Lawyers can serve as bargaining agents

By TheLaw.TV

The buying or selling of a home is for many individuals the single most expensive purchase or sale of an individual's life. Individuals routinely fork over six (6) or seven (7) percent of the sale price to real estate agents -- but then fail to spend a few hundred dollars on the services of a lawyer. While one is not legally required to have a lawyer during the process of buying and selling a home, it should be remembered that it is not legally required to have a real estate agent either -- and, often, a lawyer is a much better bargain than an agent.

Lawyers can be helpful from the very start of a residential real estate transaction. Whether one is buying or selling a house, an investment property where the owner will be landlord and rent out the premises to a tenant, a condominium, or even applying to a Homeowners' Association, a lawyer may be able to prevent some easy and expensive mistakes.

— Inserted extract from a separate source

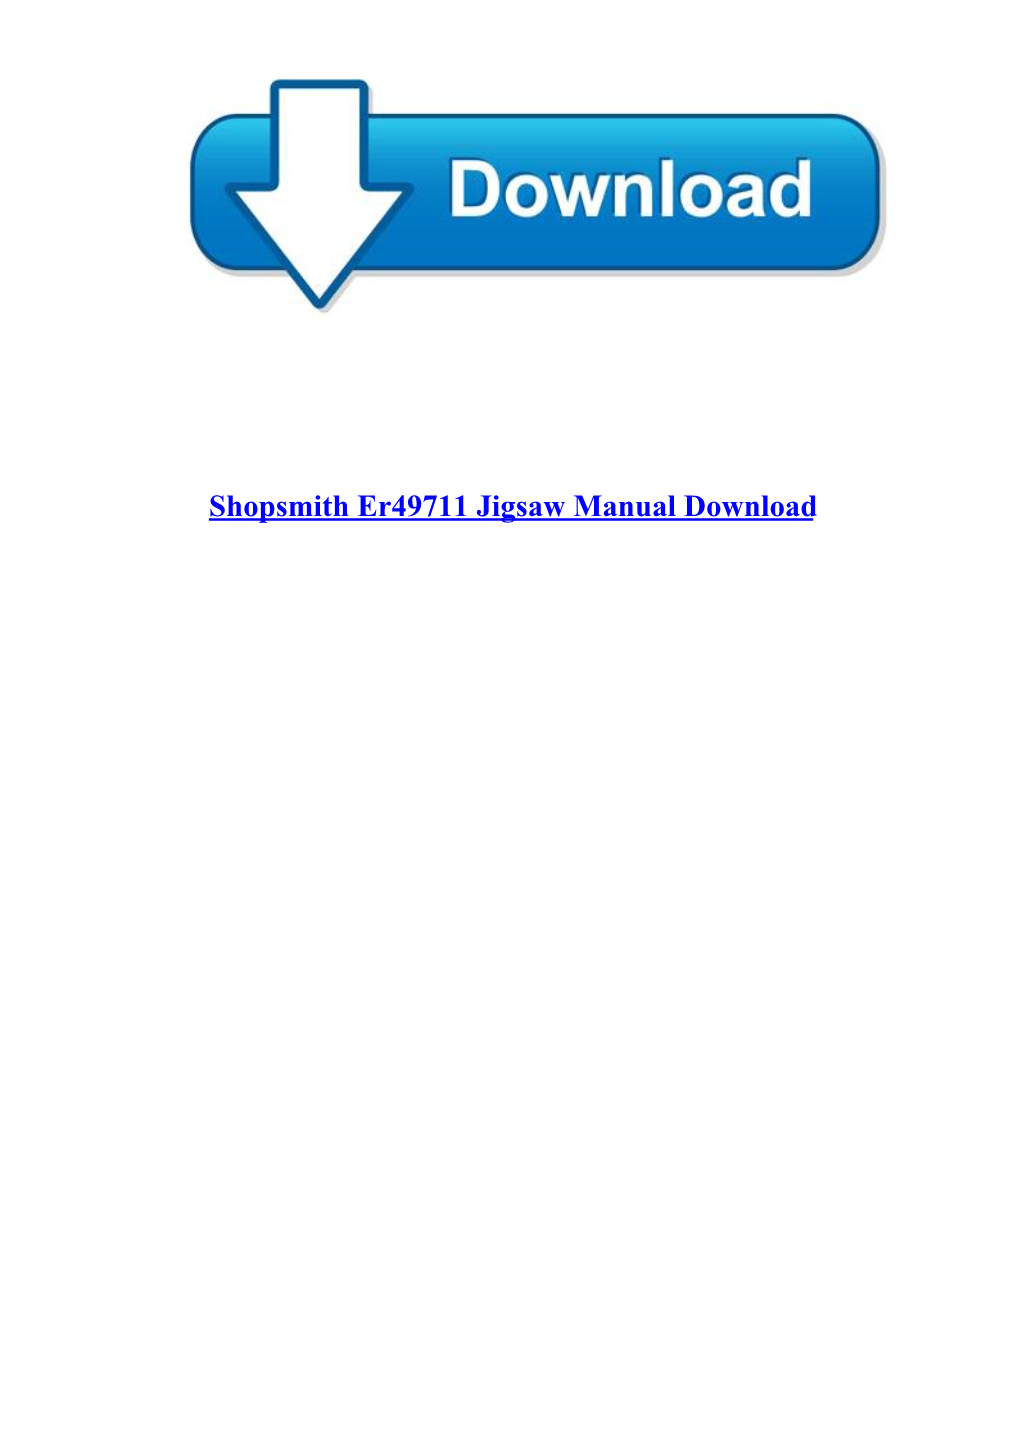 Shopsmith Er49711 Jigsaw Manual Download Shopsmith Er49711 Jigsaw Manual

Real estate transactions are different under the law in most states than other purchases. First, real estate contracts typically must be in writing. While oral contracts suffice for a number of other transactions -- the statute of frauds typically prevents not only oral contracts for residential real estate, but even prevents oral modification of written real estate contracts. Further, sellers have some mandatory disclosure provisions in residential real estate that do not exist elsewhere. Navigating the sometimes dizzying array of contingencies, deadlines, fees, liens, foreclosures, titles, property taxes, zoning, and mortgage restrictions and options can also be challenging without the services of a lawyer. Similarly, in the area of landlord and tenant law, issues surrounding what words in an advertisement can give rise to a cause of action under the Fair Housing Act, what terms must be included in a lease, how a landlord should handle a security deposit -- including what can and can't be deducted and the timing of when it must be returned to the tenant, and how the process of eviction works, can be made clearer by a lawyer who specializes in real estate issues.